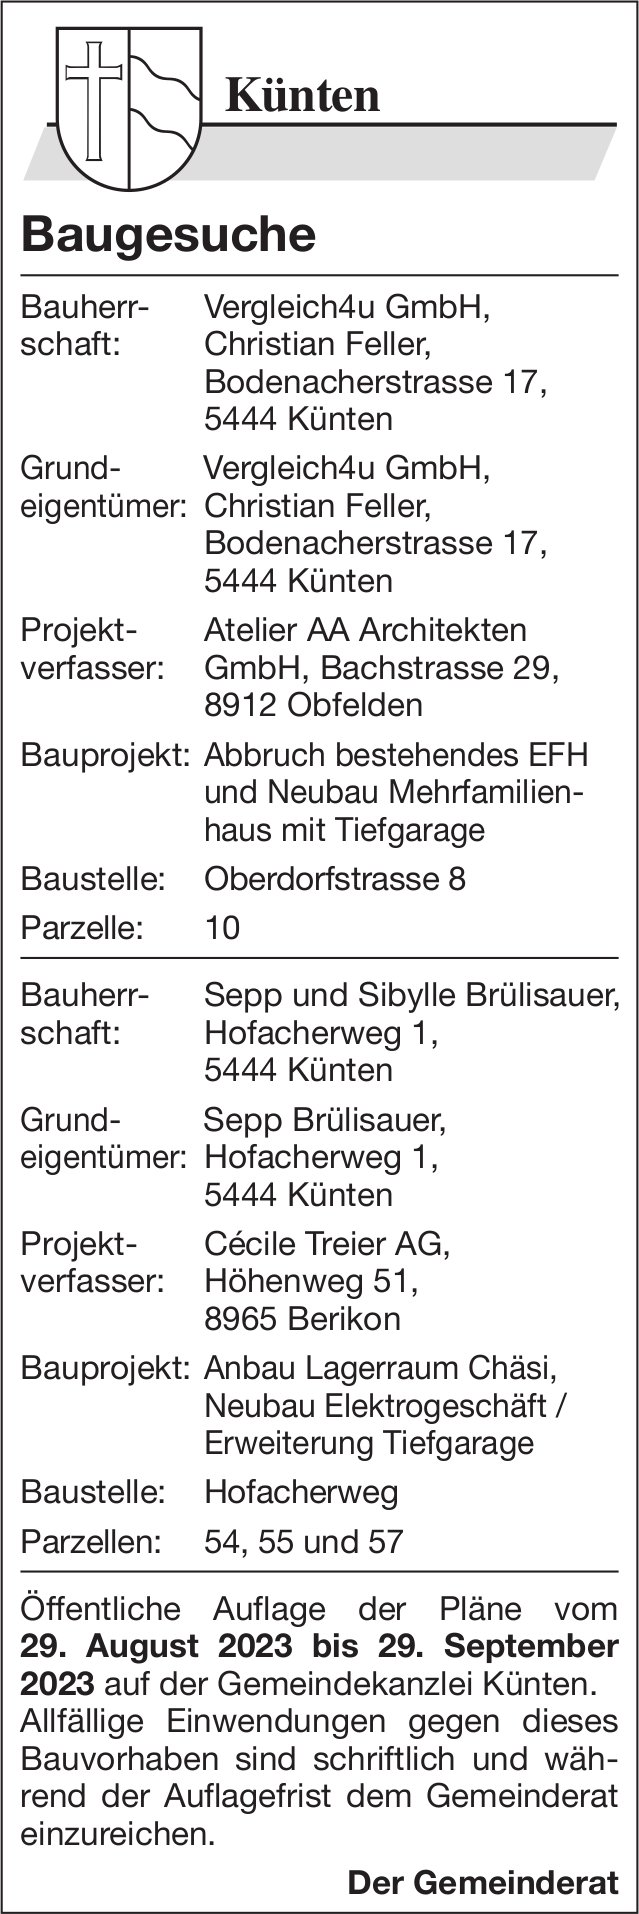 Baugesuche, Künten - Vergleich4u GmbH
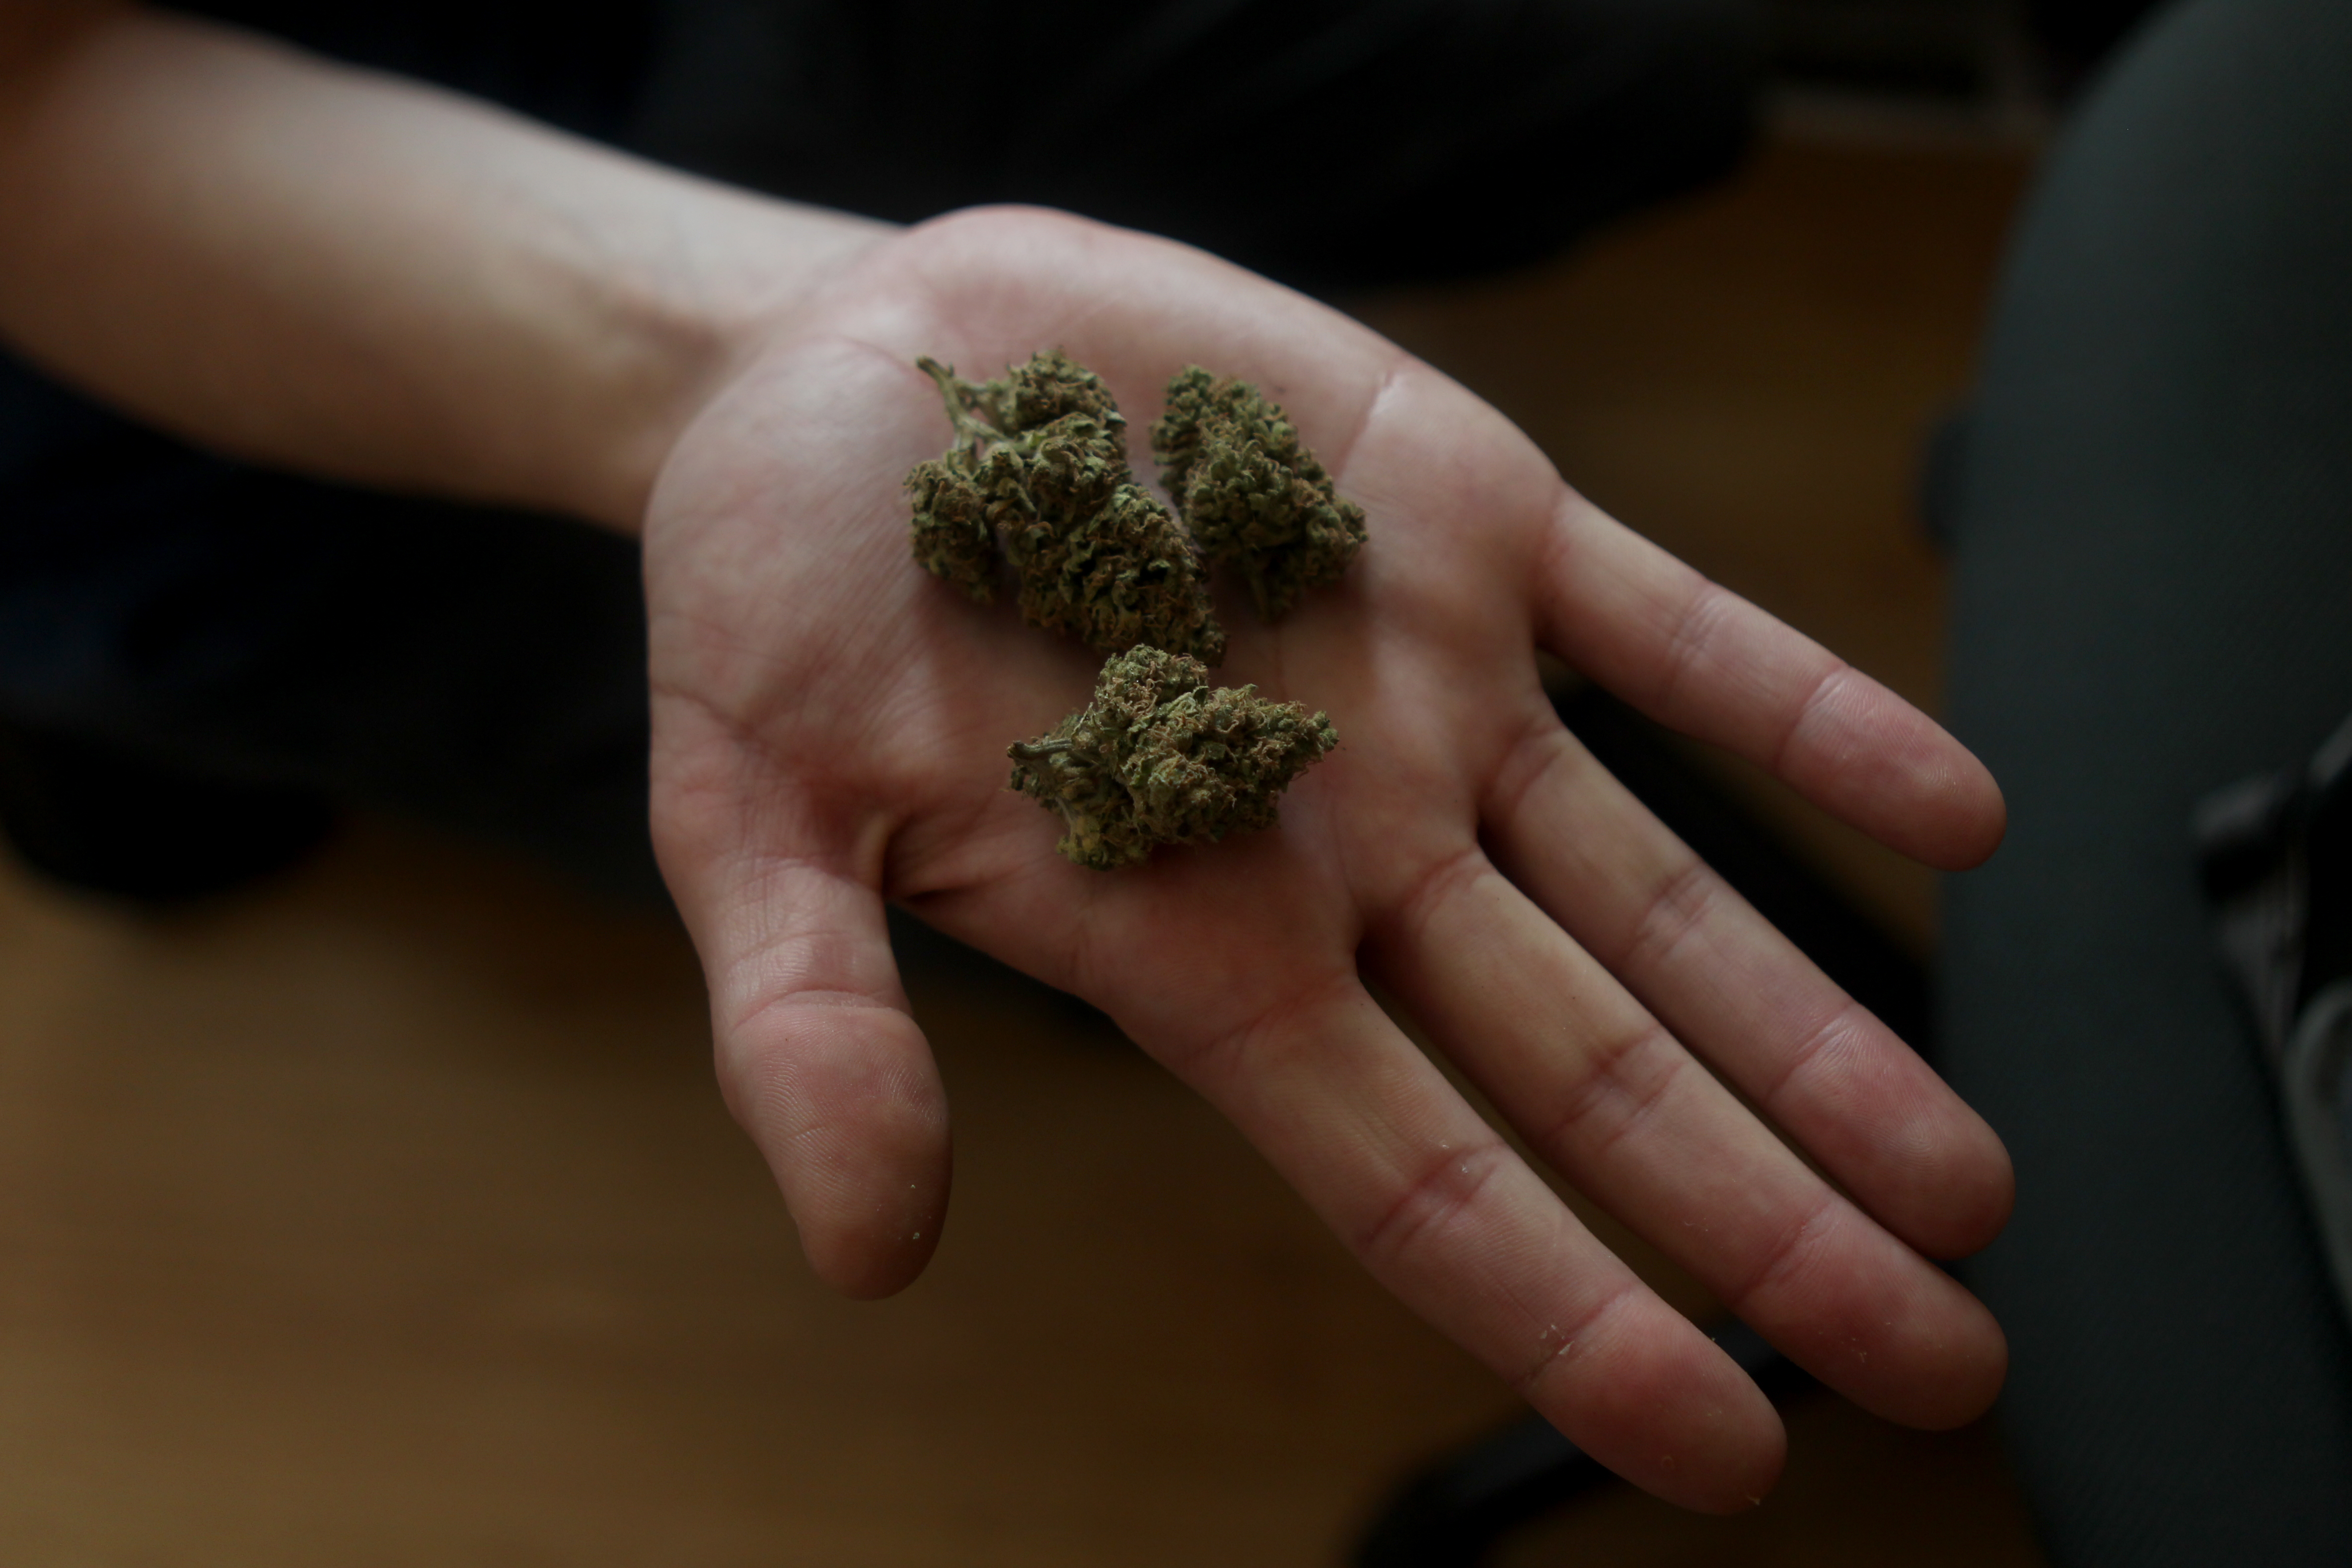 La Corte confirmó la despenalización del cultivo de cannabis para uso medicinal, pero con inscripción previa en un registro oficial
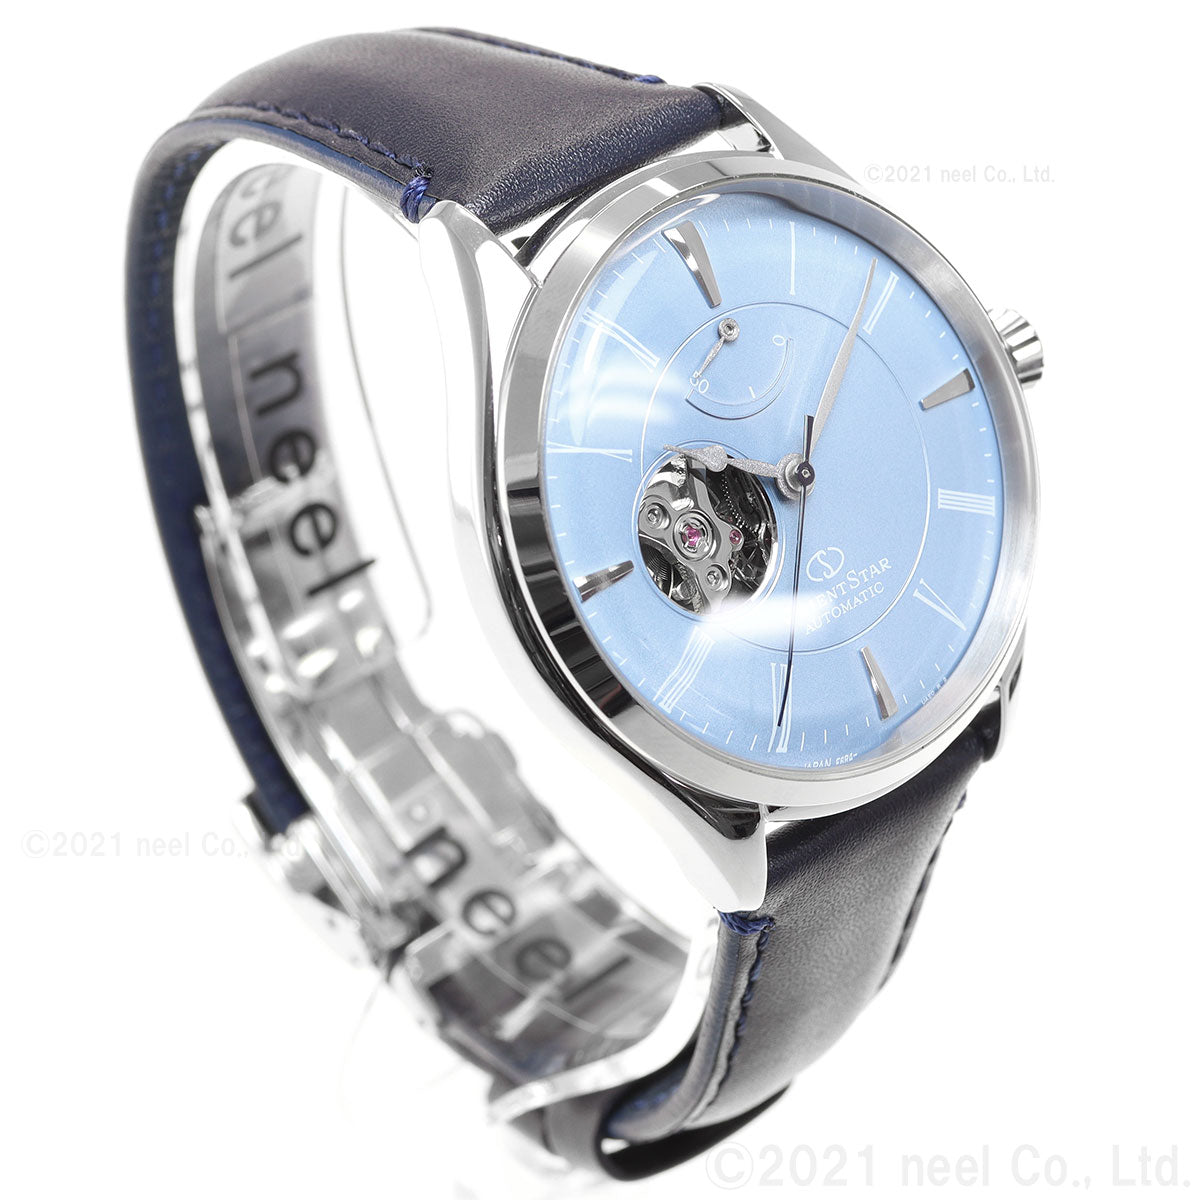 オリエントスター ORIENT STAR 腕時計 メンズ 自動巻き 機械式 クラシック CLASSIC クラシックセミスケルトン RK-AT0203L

### What you have to do
Transcribe the data verbatim. No picture belongs in the result.

### Response
 Baugesuche, Künten - Vergleich4u GmbH
 La Corte confirmó la despenalización del cultivo de cannabis para uso medicinal, pero con inscripción previa en un registro oficial
 オリエントスター ORIENT STAR 腕時計 メンズ 自動巻き 機械式 クラシック CLASSIC クラシックセミスケルトン RK-AT0203L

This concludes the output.